You can build that straight on PrimeReact — instantiate the command, track its executing state, disable the button while it runs, render OK/Cancel, bind every field, call the query, subscribe to its observable, re-render on change. @cratis/components centralizes that integration around your generated proxies, so the same screen is a few declarative lines. Let’s wire it up.

  • A React app — a Vite + React frontend (the dotnet new cratis template scaffolds one).
  • An Arc frontend that reaches your backend through generated proxies — the Arc frontend get-started sets that up. Components renders forms and tables on top of those proxies. If you scaffolded with dotnet new cratis, the package is already installed and you’re here to understand the pieces.
  1. Install the package and its PrimeReact peers.

    Install Components
    npm install @cratis/components primereact primeicons

    A few components pull extra peers only when you use them — pixi.js for PivotViewer, framer-motion for animated panels, allotment for DataPage. Skip them until you reach for those.

  2. Import the styles once, at your app’s entry point:

    main.tsx
    import '@cratis/components/styles';

    This ships the pre-compiled utility styles and the --cratis-* token layer the components read their colors and spacing from. It works with any bundler.

  3. Mount the provider around your app:

    App.tsx
    import '@cratis/components/styles';
    import { CratisComponentsProvider } from '@cratis/components';
    export const App = () => (
    <CratisComponentsProvider>
    <YourApp />
    </CratisComponentsProvider>
    );

That one wrapper does more than it looks. Components renders PrimeReact in unstyled mode with a pass-through preset, configures locale, ripple, and overlay z-index, and routes every component’s look through the --cratis-* tokens you just imported. The upshot: everything below it renders structurally right away, and it takes its visual identity from tokens you control — not from styles baked into the library.

theming

generated proxy

RegisterAuthor · AllAuthors

Components

CommandDialog · DataTable

PrimeReact (unstyled)

--cratis-* tokens

The components sit between your typed proxies and PrimeReact: they speak commands and queries on one side, render PrimeReact on the other, and take their styling from tokens.

Here’s the add-author form — the whole thing. CommandDialog takes your generated command, renders the fields and the confirm/cancel buttons, and disables confirm while it executes:

AddAuthor.tsx
import { CommandDialog } from '@cratis/components/CommandDialog';
import { InputTextField } from '@cratis/components/CommandForm';
import { RegisterAuthor } from './Authors/RegisterAuthor'; // generated proxy
export const AddAuthor = () => (
<CommandDialog<RegisterAuthor> command={RegisterAuthor} title="Add author" okLabel="Add">
<InputTextField<RegisterAuthor> value={i => i.name} title="Name" />
</CommandDialog>
);

No isExecuting flag, no button wiring, no duplicate validation logic — and because RegisterAuthor is generated from your C#, i => i.name is type-checked against the real command. Rename the property in C#, rebuild, and this line stops compiling until you fix it.

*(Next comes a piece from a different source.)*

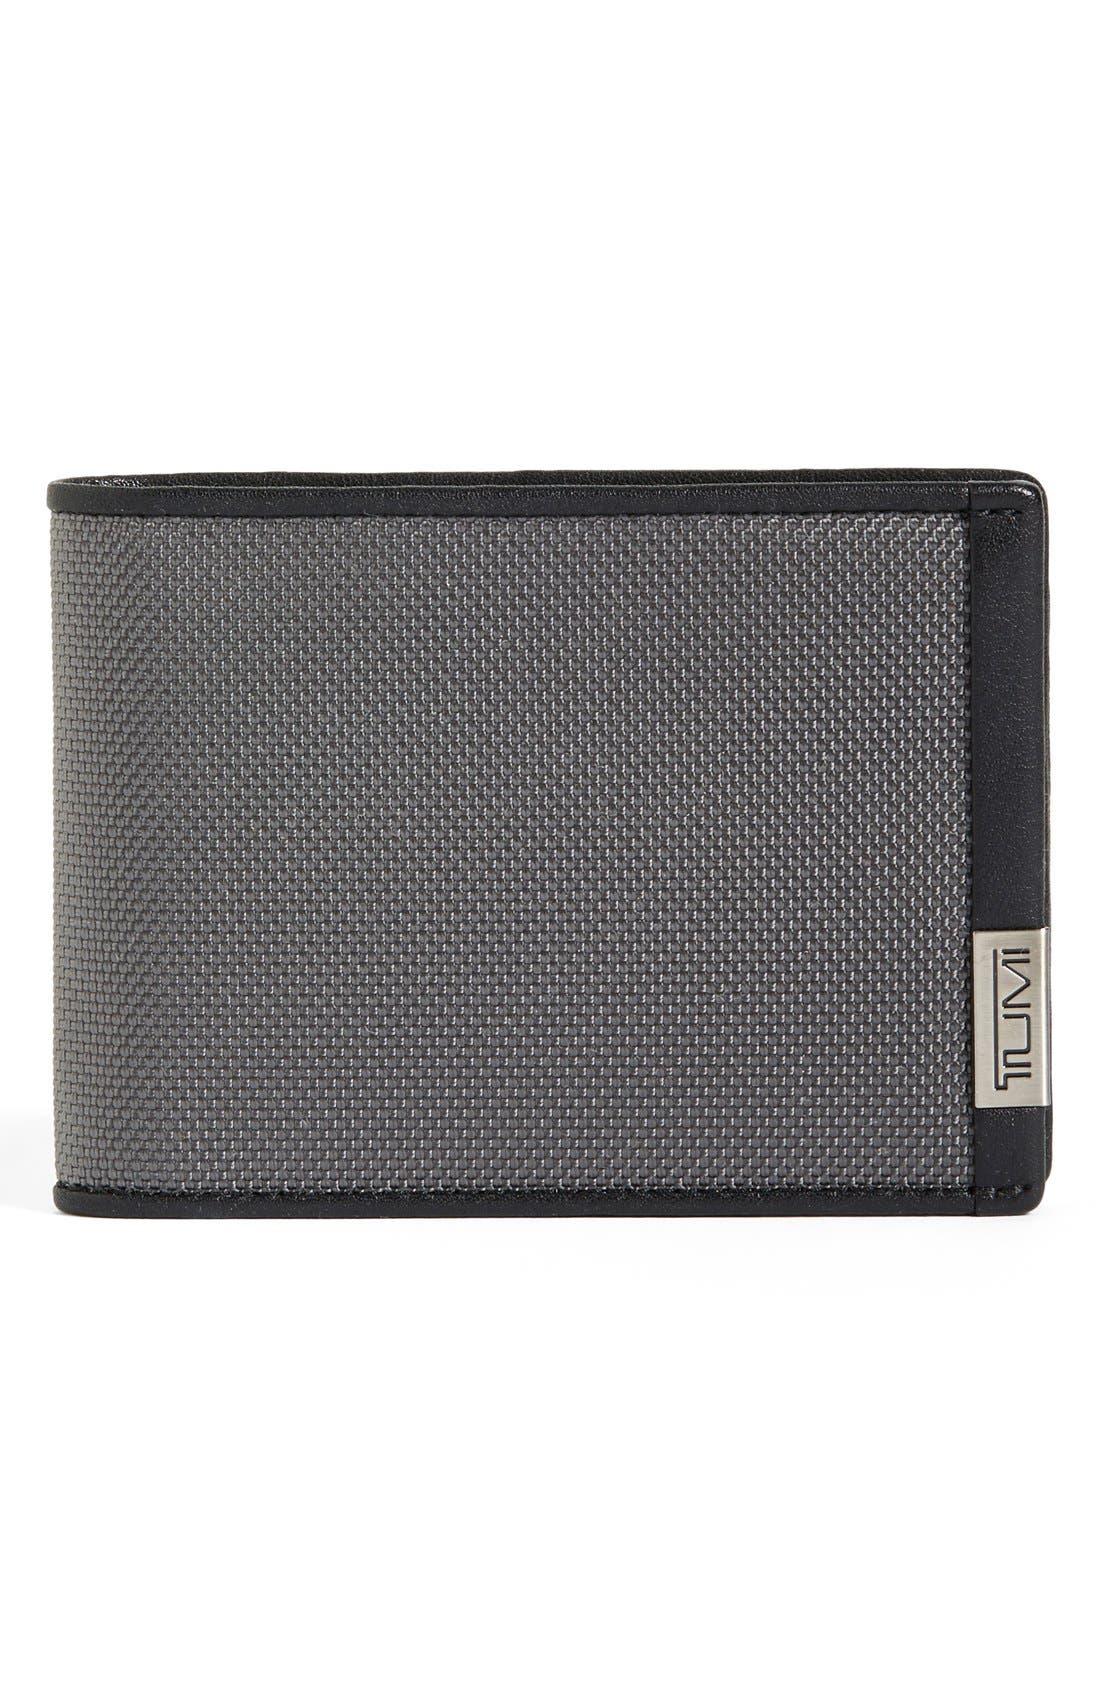 Alpha Ballistic Nylon Wallet, Main, color, 034

The components render structurally the moment the provider is mounted; their look is a separate, deliberate choice. Pick one setup on the Styling page:

  • a ready-made PrimeReact theme,
  • a theme repainted with a custom --cratis-* palette, or
  • fully unstyled, with your own pass-through preset.

You installed @cratis/components, imported its styles, and wrapped your app in CratisComponentsProvider — and with that one provider in place, a typed command form is a handful of lines instead of a handful of files. Everything else in the library works the same way: declare it, point it at a proxy, done.